Of 2,235 patients who underwent surgery, 74.7% eliminated their diabetes medications 6 months after surgery — an improvement from the 85.8% of patients who were taking at least one diabetes medication before surgery.

Medication use further improved as time progressed: 80.6% of the 1,847 surgery patients with available data eliminated medications at 1 year, and 84.5% of the 1,072 with available data eliminated medications at 2 years.

At baseline, patients were taking an average 4.4 medications. According to the researchers, reductions in medication use were observed in all classes of diabetes medications, including metformin, sulfonylureas and thiazolidinediones.

Martin A. Makary, MD, MPH, and colleagues at the Johns Hopkins Bloomberg School of Public Health and Johns Hopkins University School of Medicine studied 2,235 U.S. adults (mean age, 48.4 years) with type 2 diabetes who underwent bariatric surgery from 2002 to 2005. The researchers used claims data to measure the use of diabetes medications before and after surgery, as well as health care costs per year.

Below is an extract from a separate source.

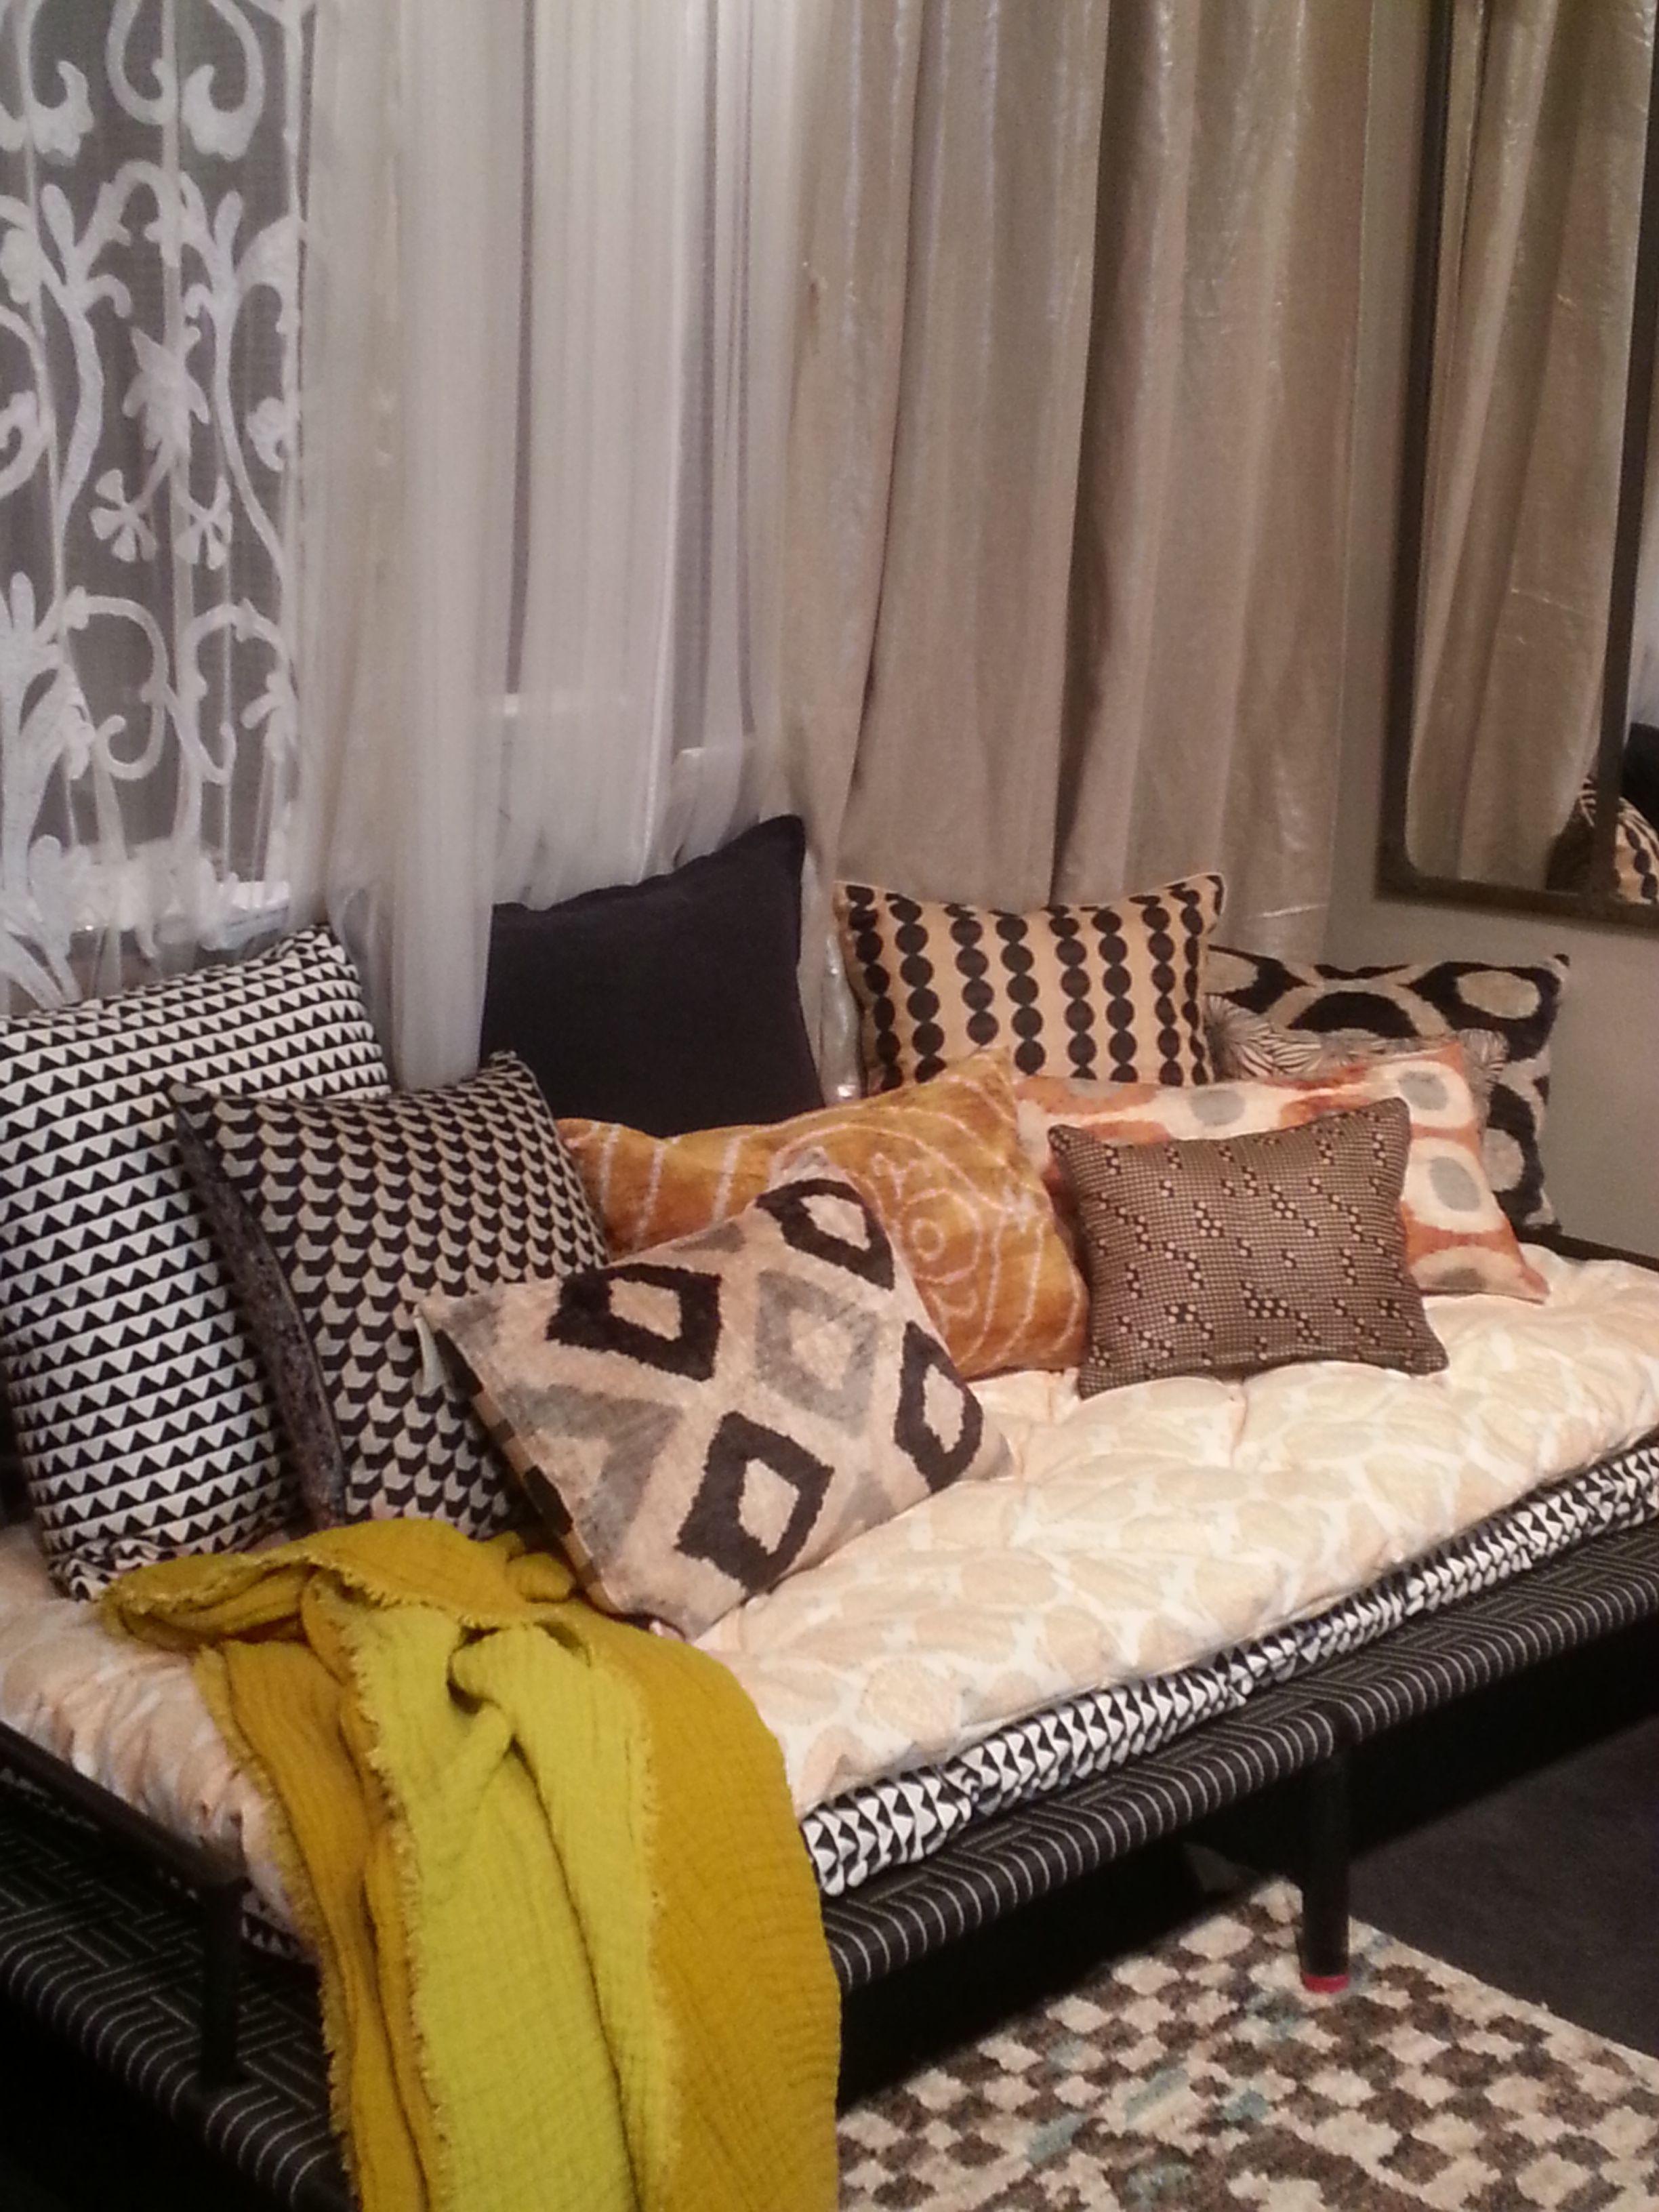 charpo et matelas imprim s le monde sauvage home pinterest monde sauvage matelas et sauvages. Black Bedroom Furniture Sets. Home Design Ideas

“We observed that independence from diabetes medication was almost immediate within the initial months after surgery and did not correlate with the gradual weight loss expected,” the researchers wrote. “This supports the theory that the resolution of diabetes is not due to weight loss alone but is also mediated by gastric hormones, with the three most implicated being peptide YY, glucagonlike peptide and pancreatic polypeptide.”

Health care costs averaged $6,376 per year in the 2 years before surgery, and the average cost of the surgery and hospitalization was $29,959. Total annual health care costs increased by 9.7% ($616) 1 year after the procedure, but decreased by 34.2% ($2,179) in year 2 and by 70.5% ($4,498) in year 3.